Nibbles: Robert Chambers, Zero Hunger, China genebank, Spanish bacteria, Harnessing diversity
- There’s a celebration of the thinking of Robert Chambers over at IDS Bulletin. He’s been advocating for participation in development and the importance of Indigenous knowledge, among other things, for 50 years.
- The Center on Global Food and Agriculture has a report out called “Defining the Path to Zero Hunger in an Equitable World” which basically tries to add humanitarian assistance to the old food-climate-biodiversity nexus. Crop diversity is nowhere to be found among the “catalyzing ideas,” but one of those is investing in “force multipliers,” and that includes agricultural research and development. Participatory agricultural research and development, presumably?
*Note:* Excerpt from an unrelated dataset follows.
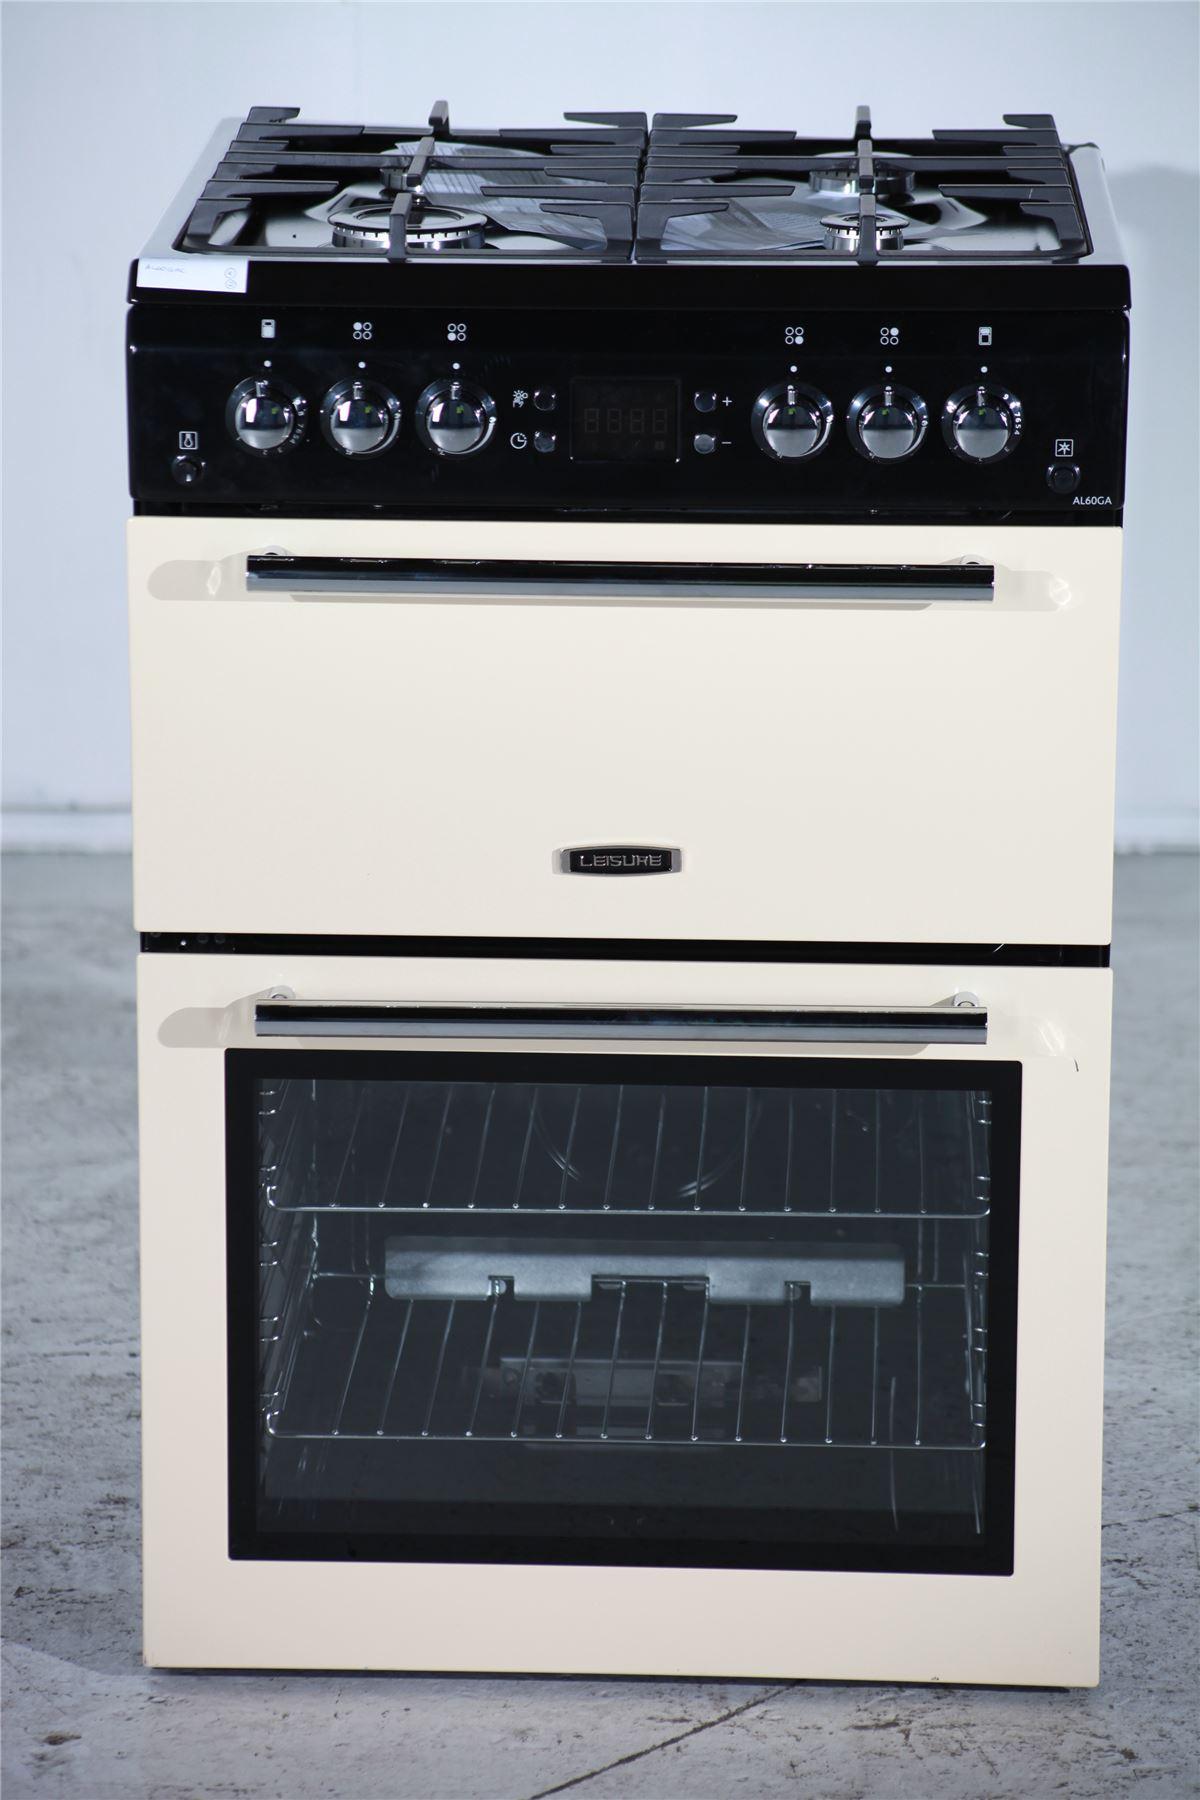 Preloved Leisure Gas Cooker Al60gac Black Amp Cream

- Meanwhile, China has collected 124,000 crop diversity samples.
- And a Spanish microbiologist has collected 3,600 bacteria.
- The PNAS Special feature: Harnessing crop diversity, organized by Susan McCouch, Loren Rieseberg and Pamela Ronald, got a nice write-up in the latest Plant Science Research Weekly. But what would Robert Chambers say? Anyway, should I do a special Brainfood on it? Let me know in the comments, as the cool kids say.